■ **SUPPLIED INFORMATION**:
───

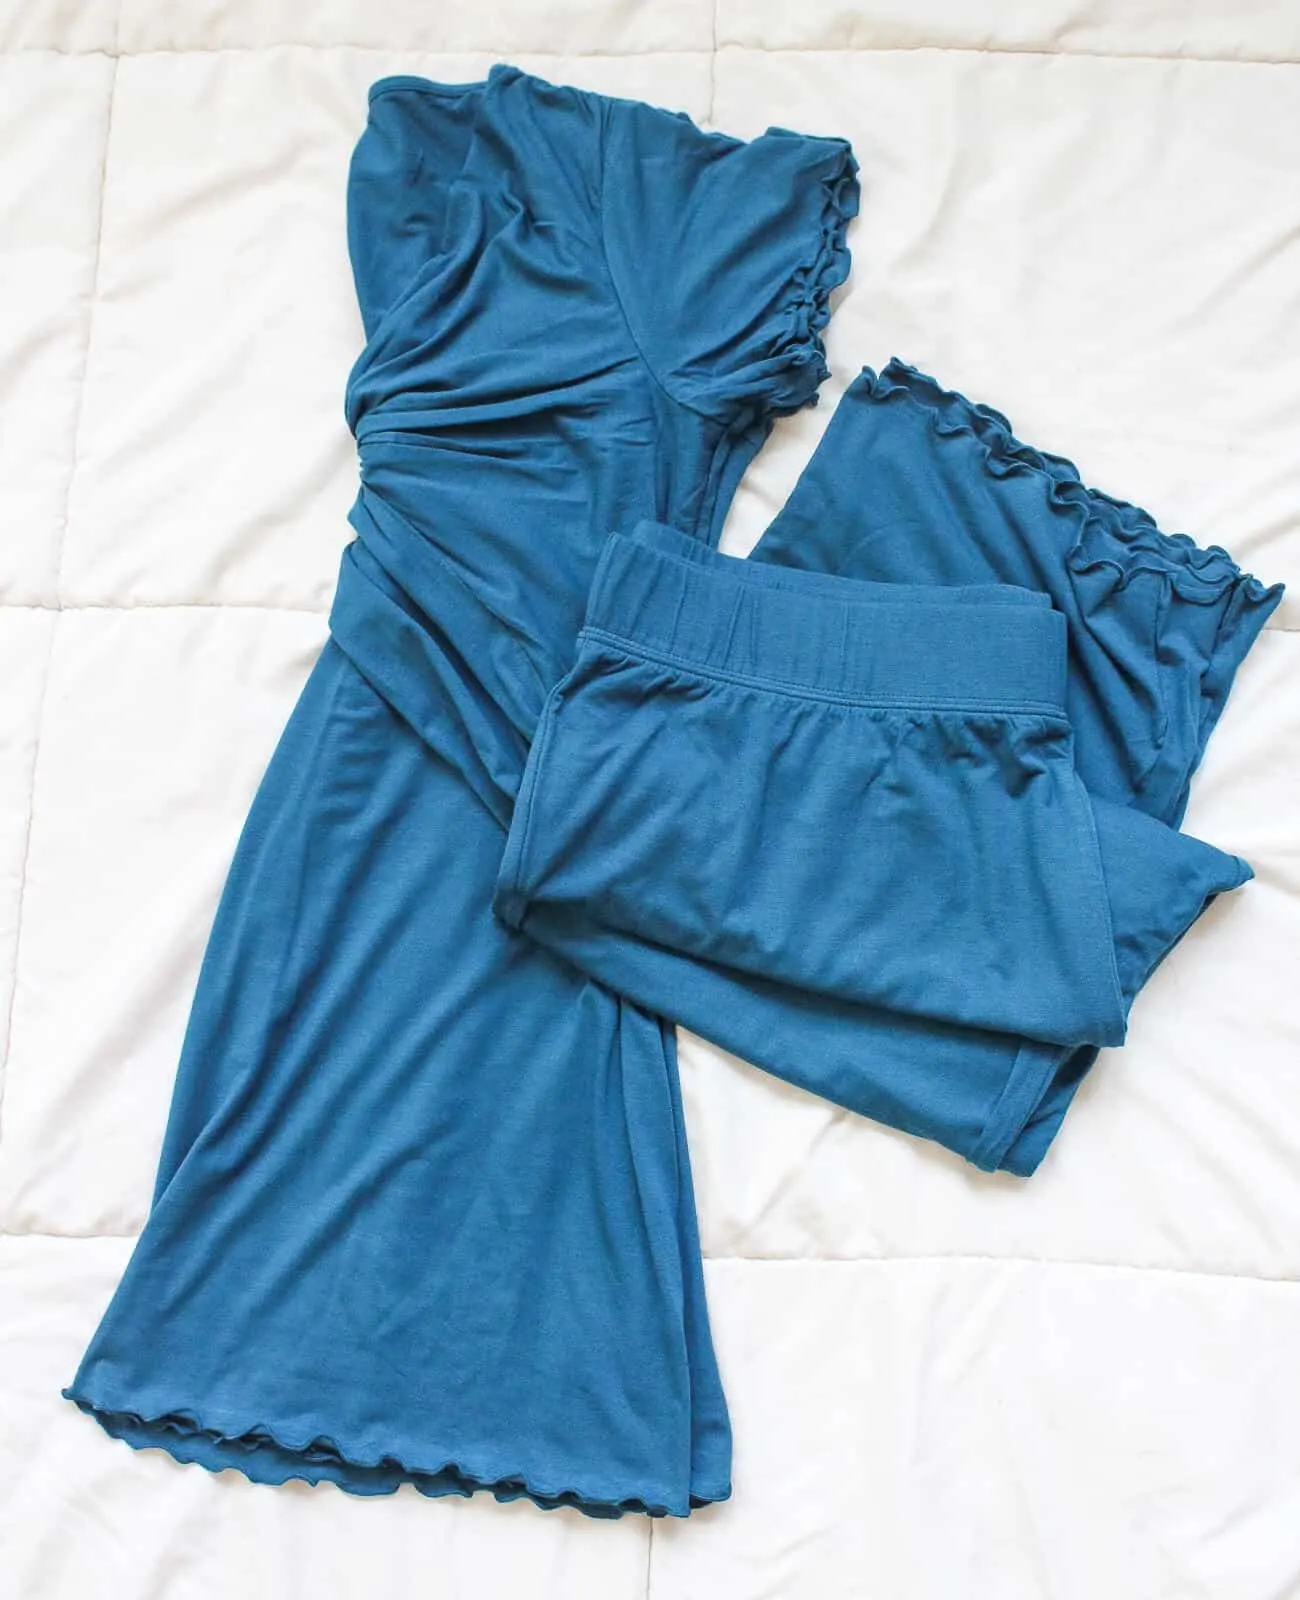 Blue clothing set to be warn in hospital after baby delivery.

───

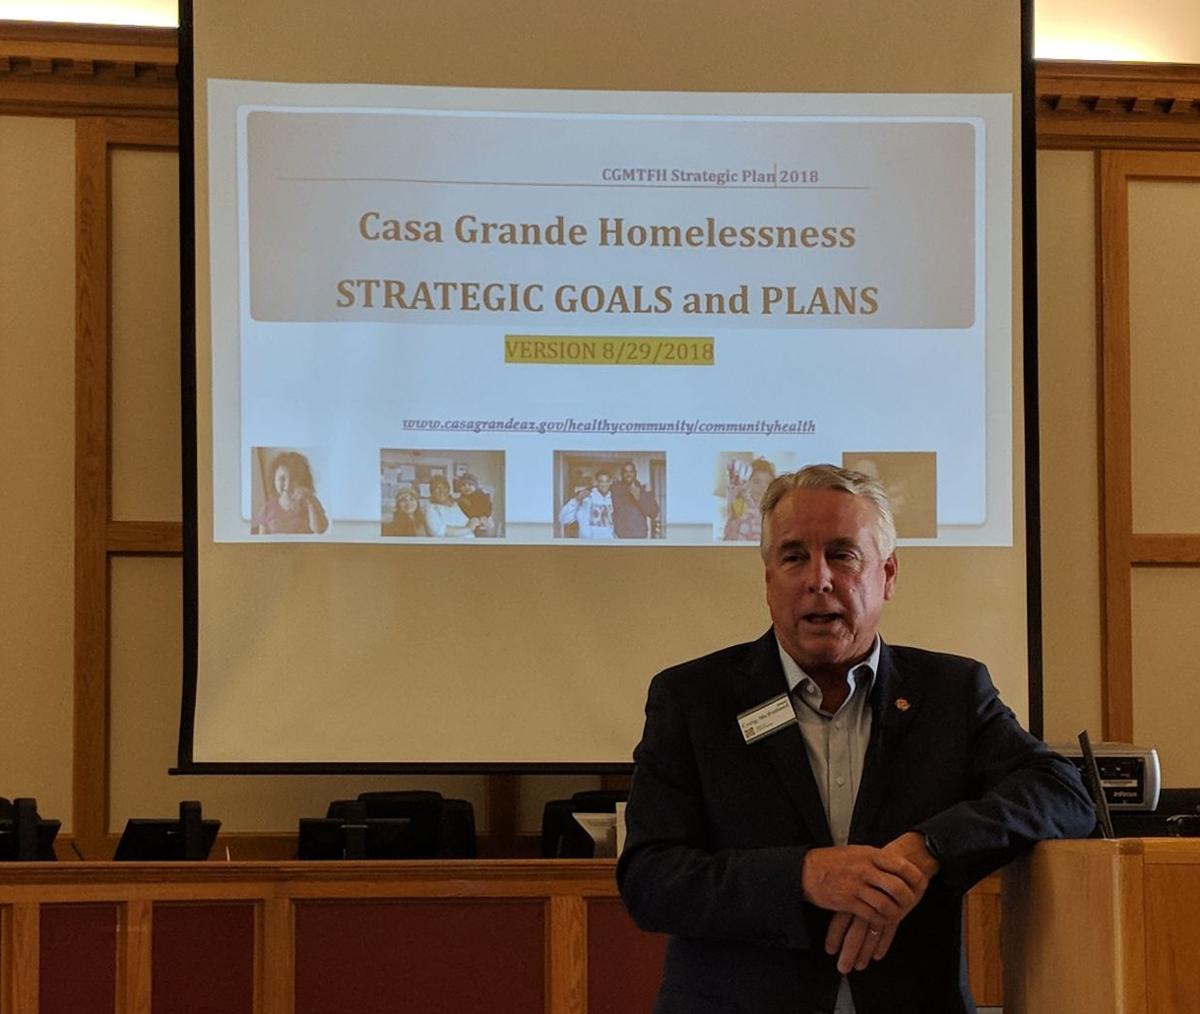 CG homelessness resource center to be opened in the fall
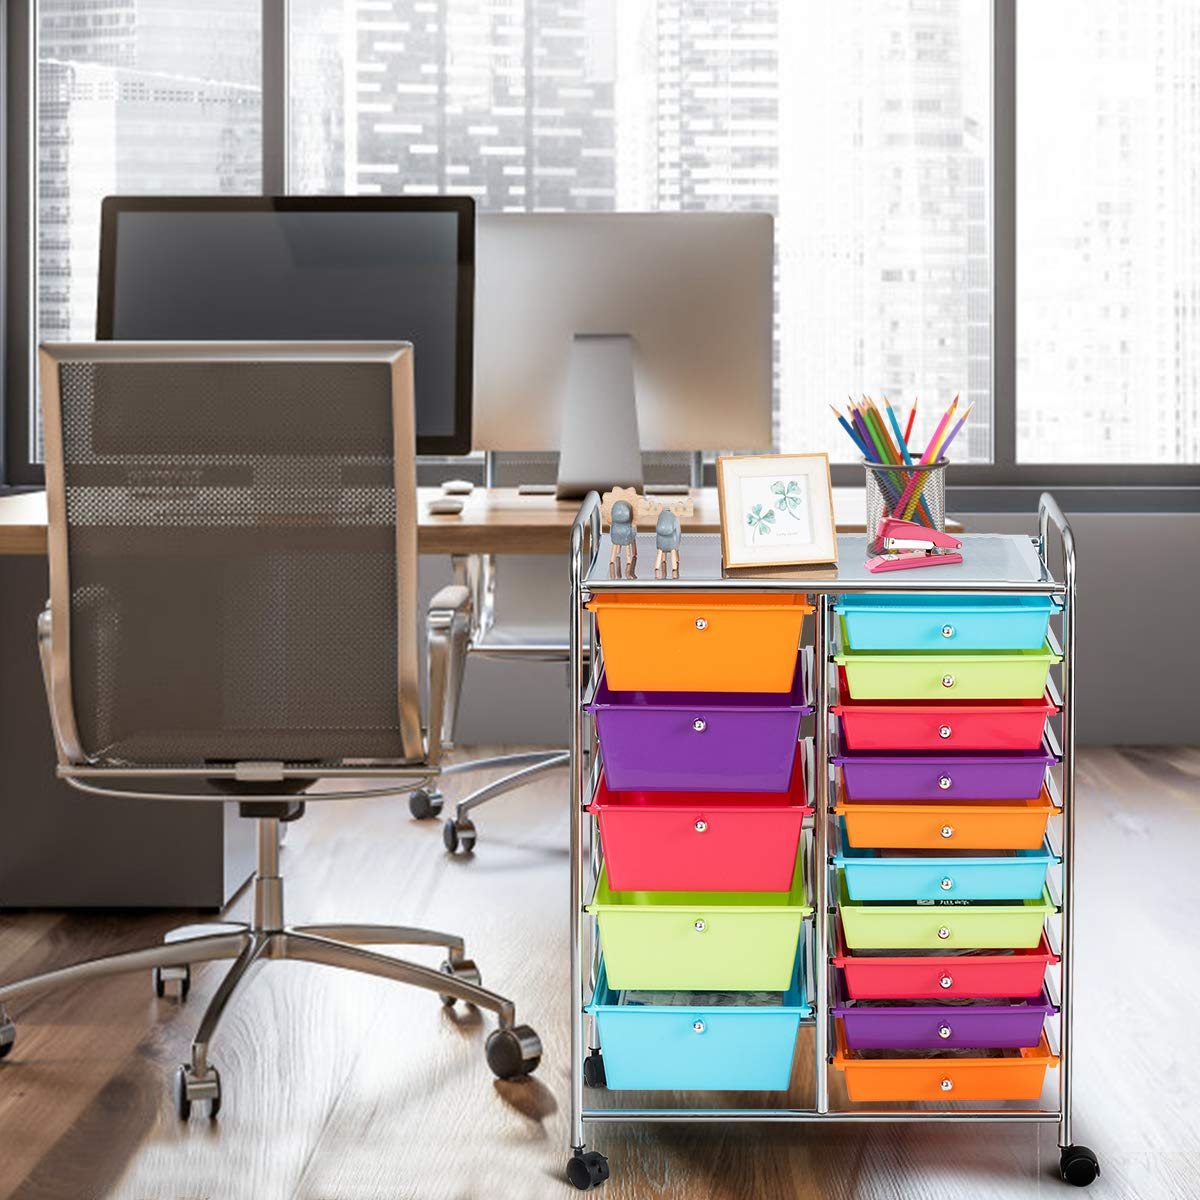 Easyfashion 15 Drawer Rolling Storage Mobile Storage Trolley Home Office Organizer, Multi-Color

───

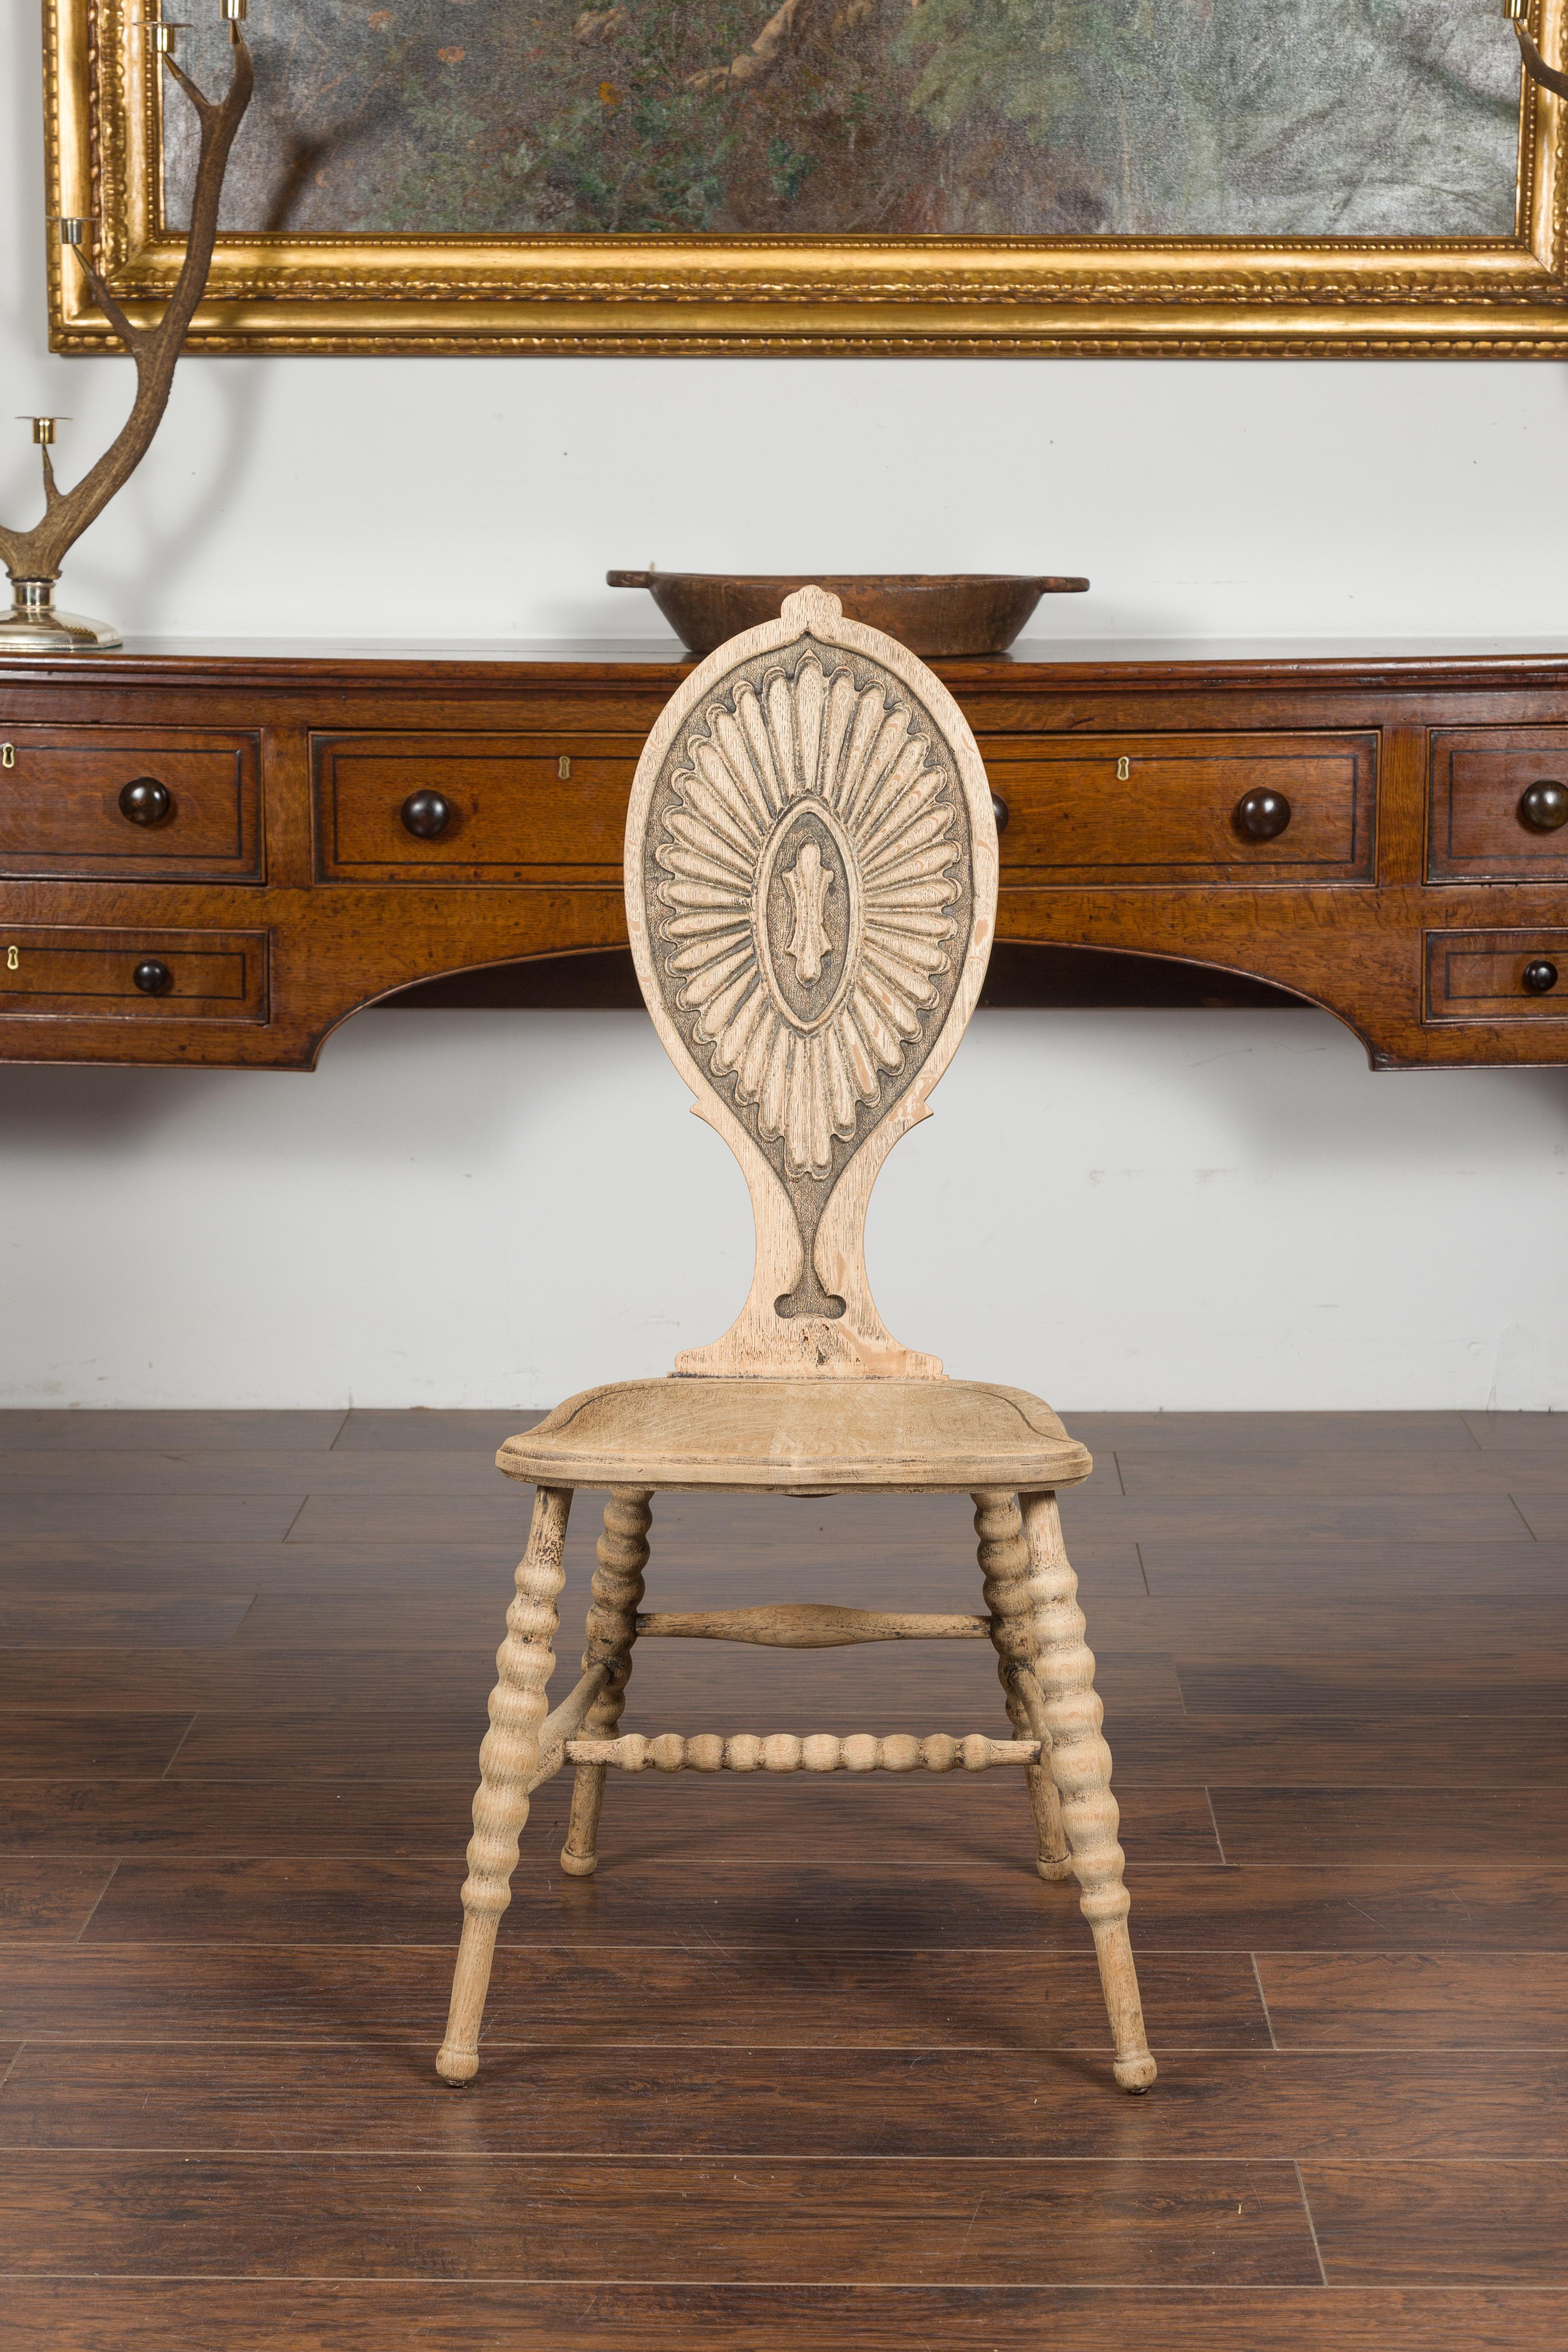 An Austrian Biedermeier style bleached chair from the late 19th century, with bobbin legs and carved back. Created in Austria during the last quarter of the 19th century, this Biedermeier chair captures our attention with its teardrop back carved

───

■ **PROBLEM DESCRIPTION**: Taking the entries above, copy word for word the lines from the one with "CG homelessness resource" up to and including the one with "Easyfashion 15 Drawer", without any picture.

■ **YOUR SOLUTION**:
 CG homelessness resource center to be opened in the fall
 Easyfashion 15 Drawer Rolling Storage Mobile Storage Trolley Home Office Organizer, Multi-Color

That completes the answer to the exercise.